I suspect any form of non-compliance would depend on several factors such as risk, legal ramifications if caught, how 'seriously' the law is being enforced and probably most importantly does the law specifically apply to the firearm or 'ancillary' to the firearm?

For example SB 941. 'rumors' are it is being non-complied with regularly however with few repercussions.

In this case SB 941 is not being taken very seriously due to weak enforcement and legalities however in the case of an all out 'ban' on a gun where it could not be possessed in public with possible felony charges, compliance would no doubt be on a dramatically greater level.
 
I would never argue that a poll is 100% accurate, but Pew is one of the more reliable sources for information like this. Do you have a more reliable source? If so, I am interested.
The poll is based self reporting. And its a situation where there are lots of reasons for people to claim no guns who have them and few or no reasons to claim you have one when you dont. That is, there is lots of reason to expect misreporting and the misreporting to all be in the direction of underestimating the number of guns. Under such conditions a result saying that x% of families own a gun actually just means "x % of families or more have guns " And there aren't going to be more reliable info based on self reported polls. To get more reliable data you'd probably need a more restricted study and one involving searches. Such as what proportion of drug dealers whose houses or apartments are searched have guns? What proportion of felons rearrested whose places are searched have guns? What proportion of cars searched, etc.
 
According to Turning Point USA. Gen Z (the ones in high school and beginning college right now) are the most conservative since WW2.
We can only hope they rebel against the now normie wokies running the system right now. We'll see this coming year I suppose...
If there is, in fact, an election..

So... like they say, the devil is in the details;

It really depends on what the questions of the survey asked, and how it's calculated.


They are having less sex; doing less recreational drugs and drinking, less going out with friends, more staying home, spending less, (or borrowing less), working less... but on the other hand, they're more open about sexuality, boundaries, kinks, preferences, mental illnesses (real or imagined); and more willing to vote for authoritarian politicians..
 
Last Edited:
Article is behind paywall.

Sounds like gen Z is just less into in person interaction. More into videogames and sitting in front of screens. Some maybe forced by covid shutdowns. I wonder if real sex or drive to interact with or find real partners is sabotaged by on line porn.

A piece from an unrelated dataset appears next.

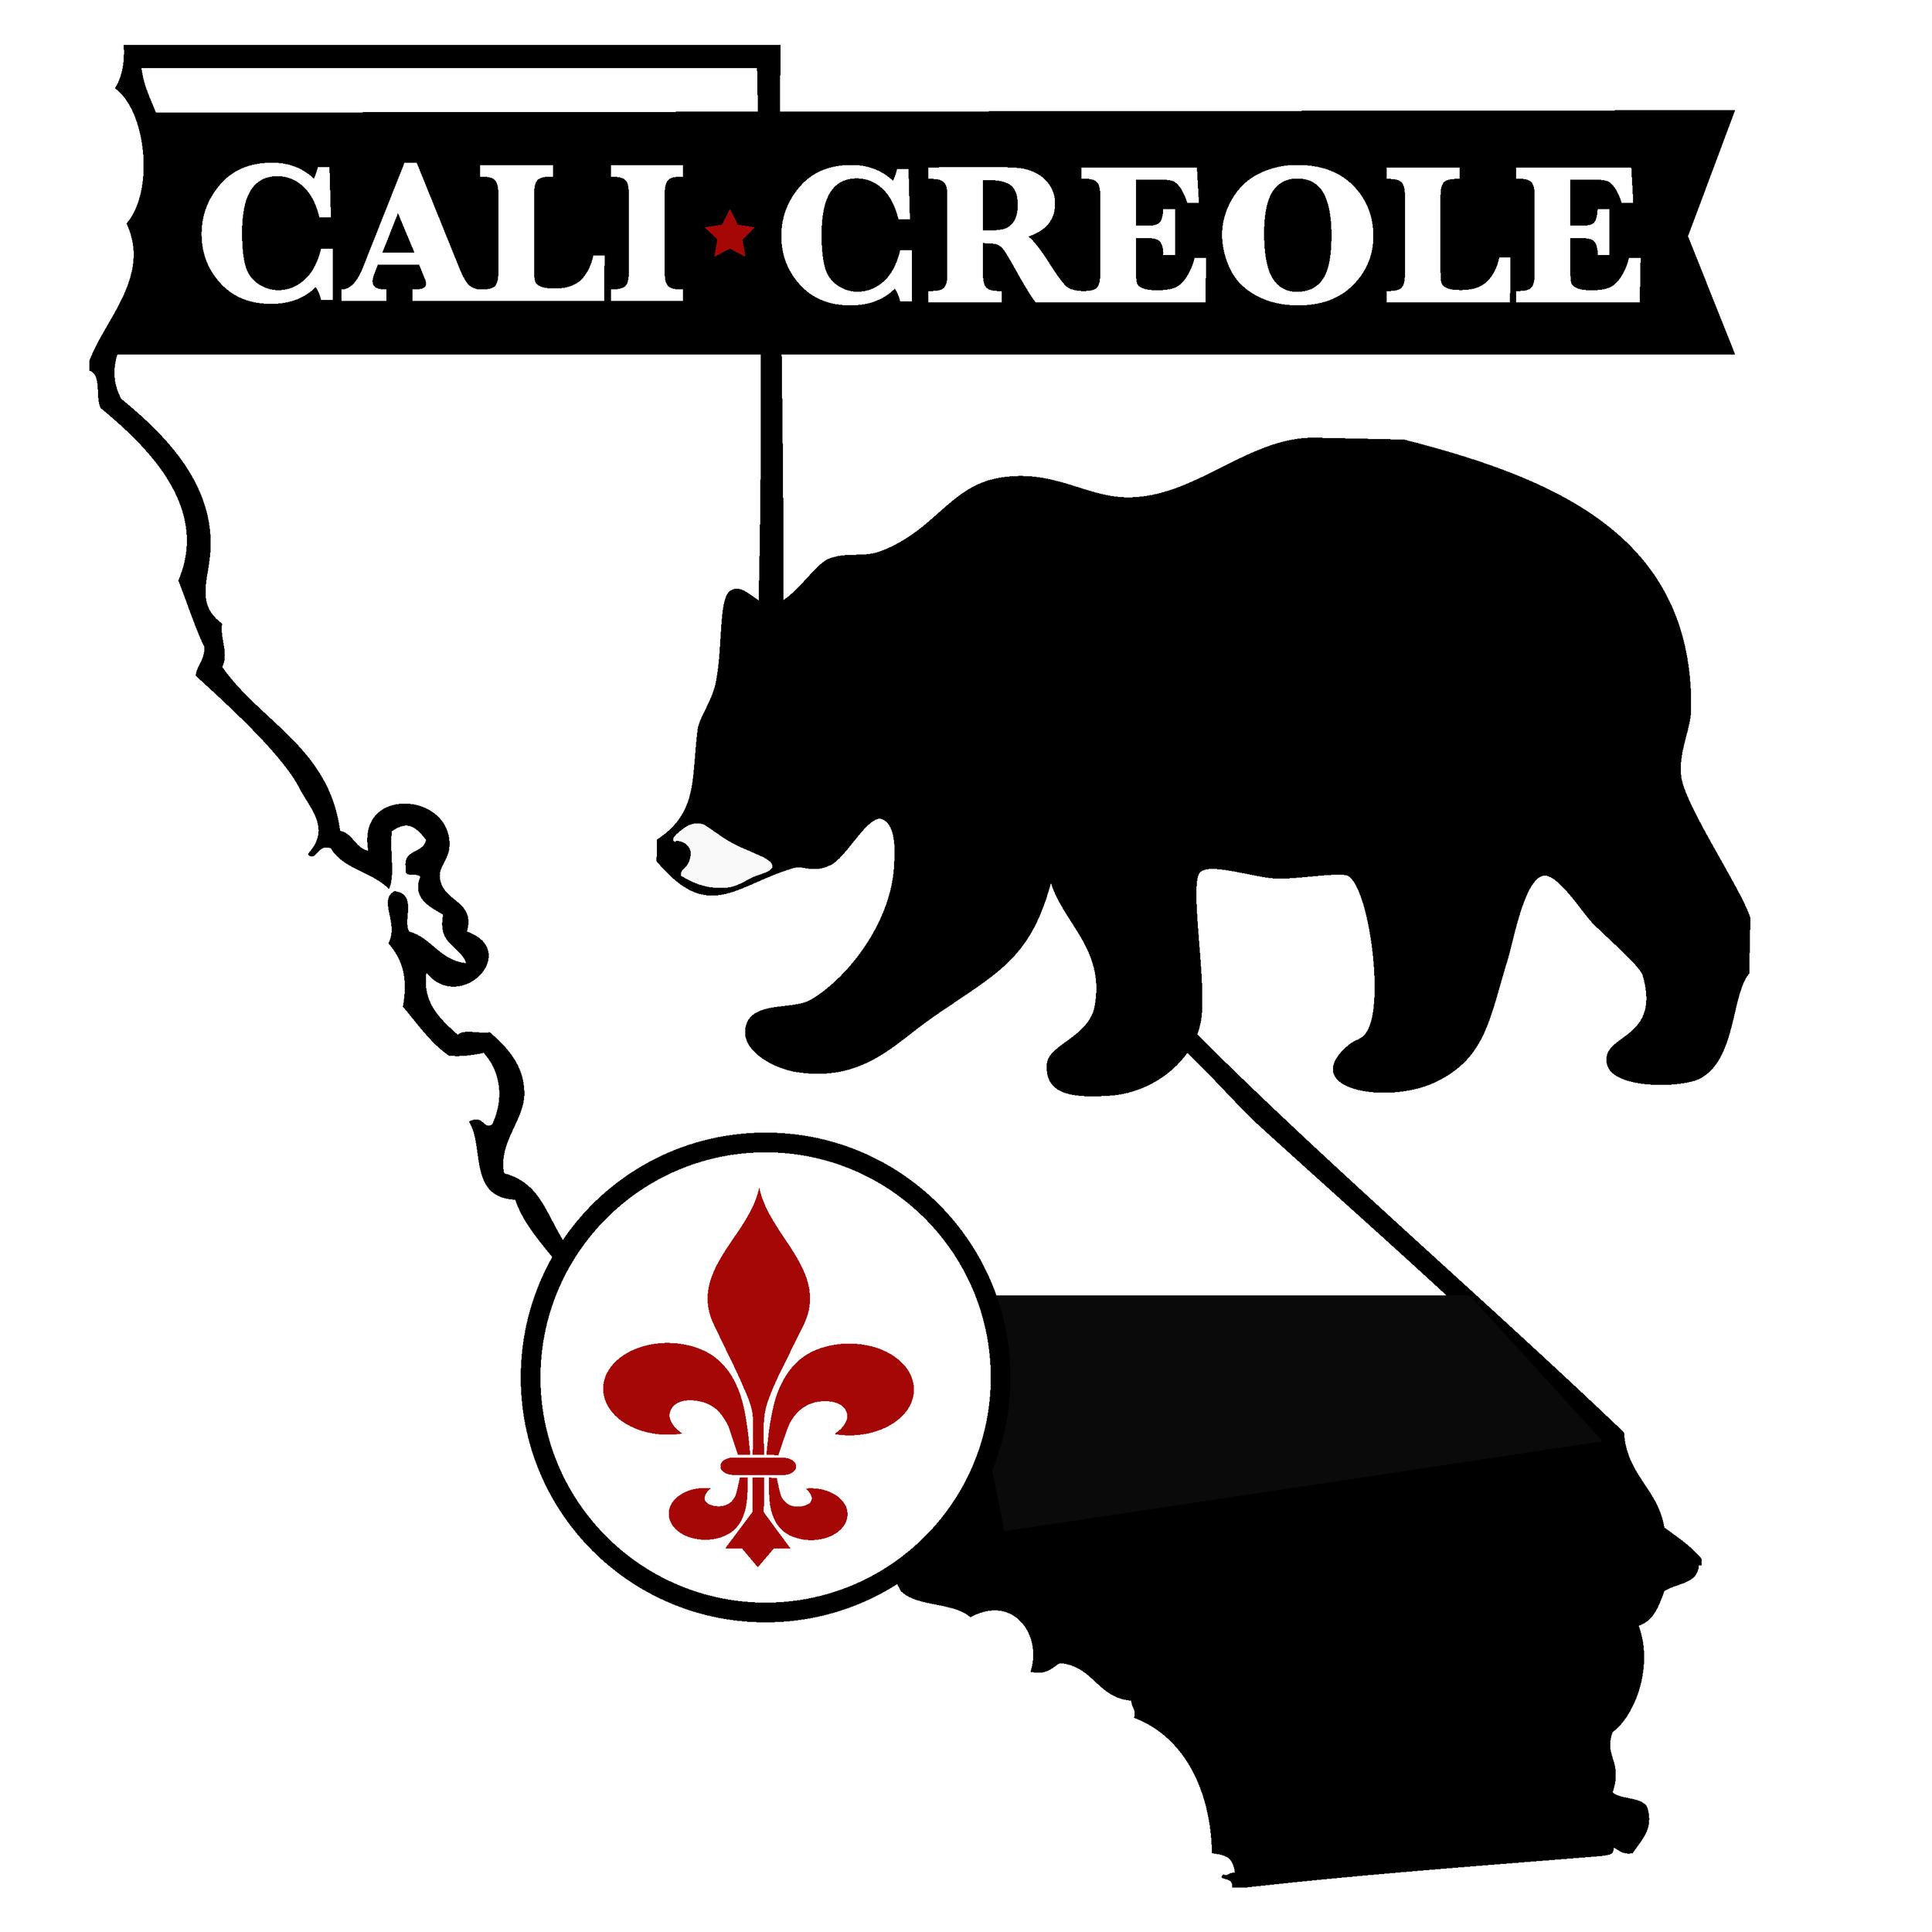 cali-creole logo

I read somewhere that millennials are very good at collaborating at work. But gen Z prefers to work alone.
 
Article is behind paywall.

Sounds like gen Z is just less into in person interaction. More into videogames and sitting in front of screens. Some maybe forced by covid shutdowns. I wonder if real sex or drive to interact with or find real partners is sabotaged by on line porn.

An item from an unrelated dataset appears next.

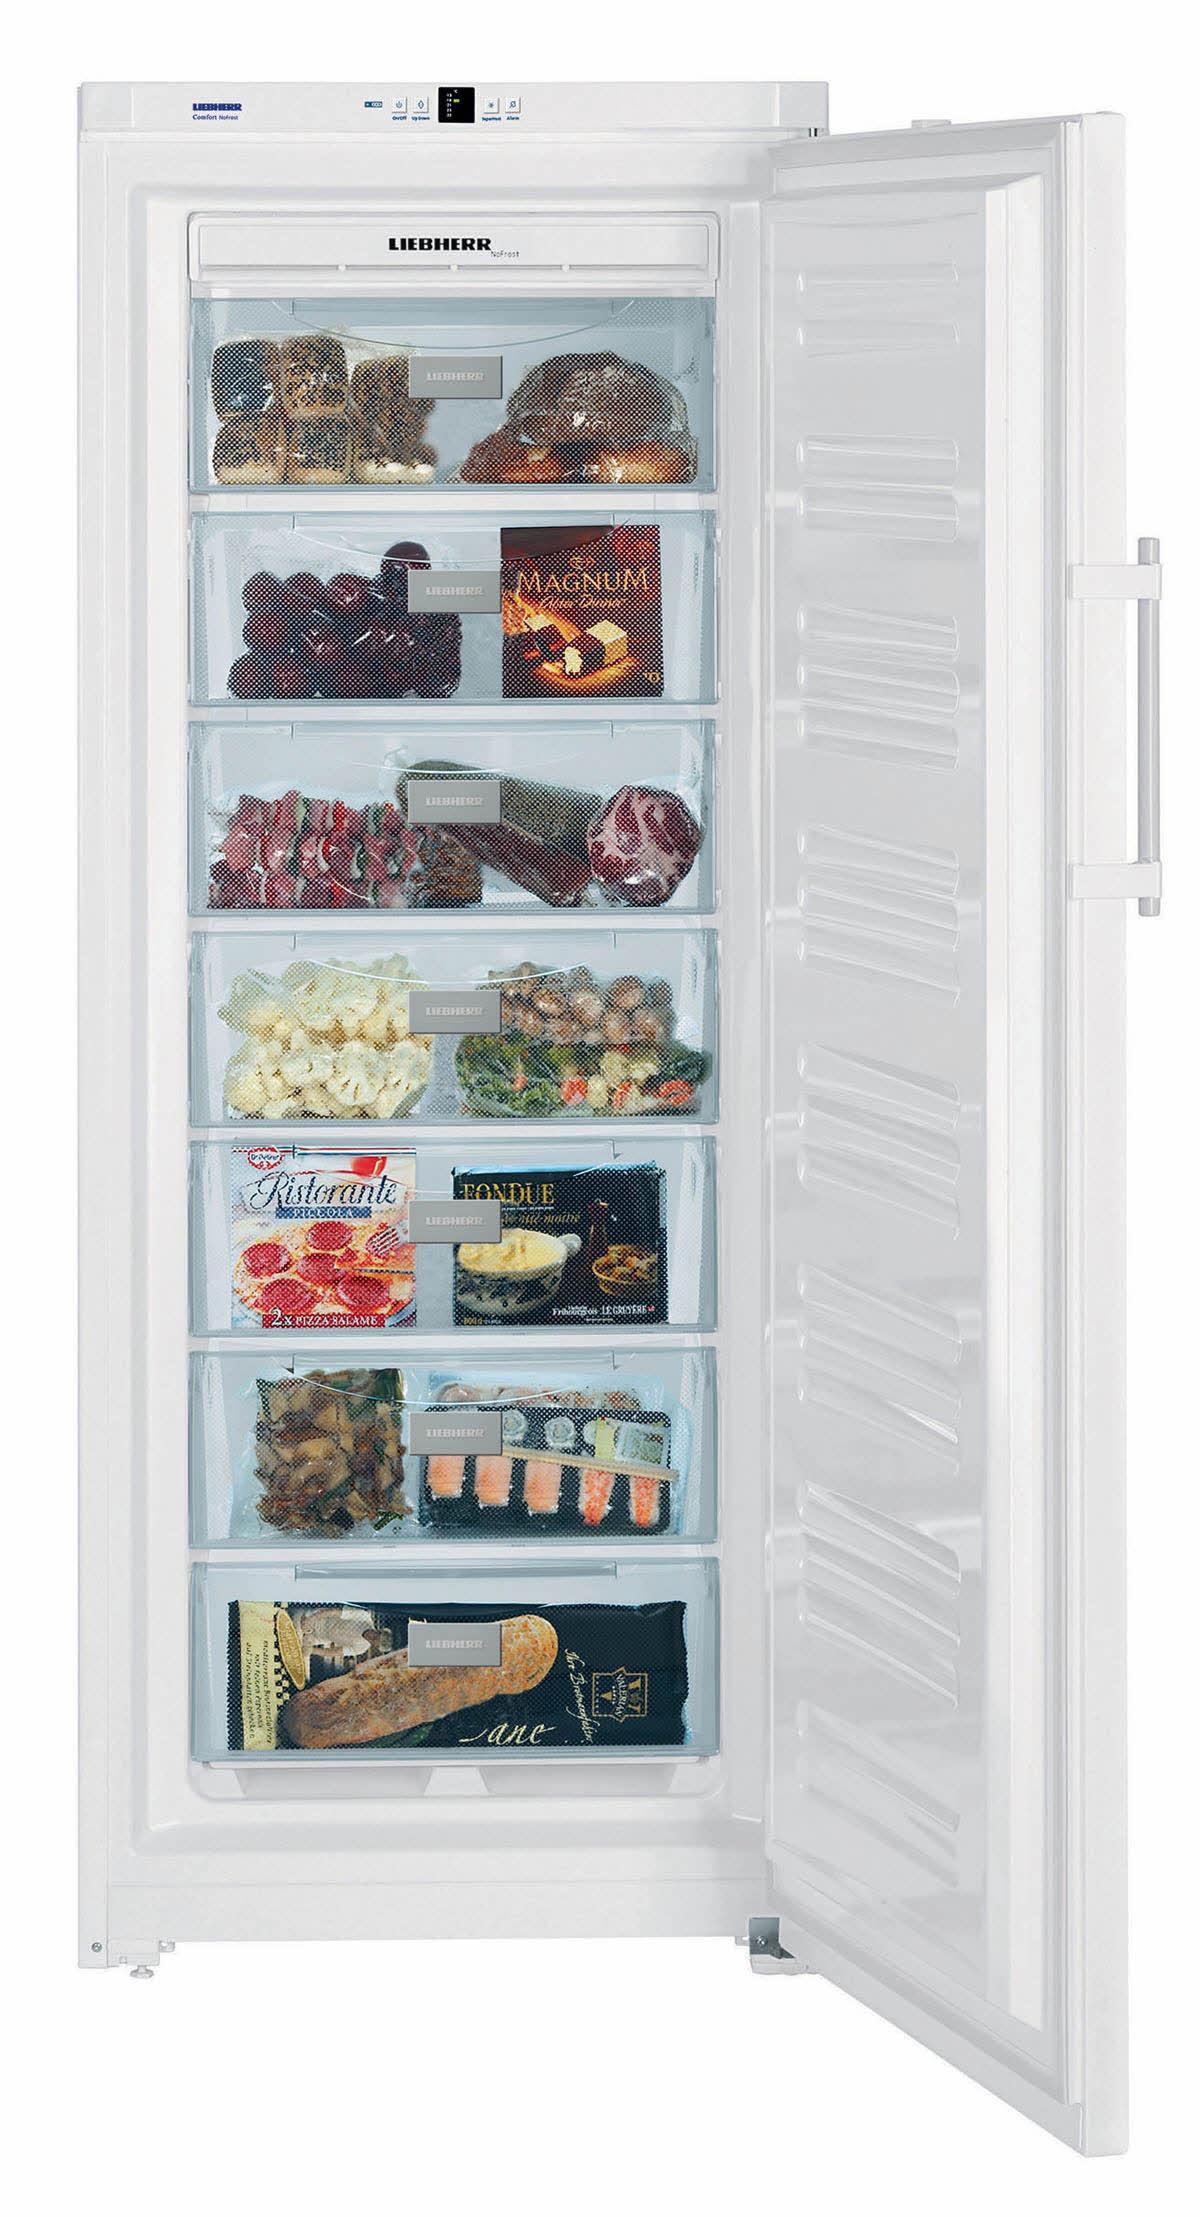 Морозильник LIEBHERR GN 3613-20 001 от Ravta

I read somewhere that millennials are very good at collaborating at work. But gen Z prefers to work alone.
It's possible.



But overall it also seems that taking things out of context, led to assumptions about Gen Z. The paywalled article is almost the same as the 2nd link I provided in this reply, the first link is where the American psychology person stated that more Gen Zs self-reported as "conservative" than those in Gen Y (Millenials). Still, it doesn't mean Gen Z is "most conservative since WW2 generation"
 
...

I doubt illegal immigrants can be easily got to vote. They don't have the docs necessary to register. I think cheating is usually done using poor people. Someone by arrangement comes to the ghetto or project and picks up poor people, drives them to poll, waits while they vote, then drives them home and pays them the going rate. Supposedly the Kennedy election was bought that way. Joseph Kennedy's Mafia connections provided the votes in just a few critical areas, supposedly enough to actually change the election results.

...
For measure 26-231 in Multnomah County, 45% of voters voted in favor of allowing non-U.S. citizens to vote.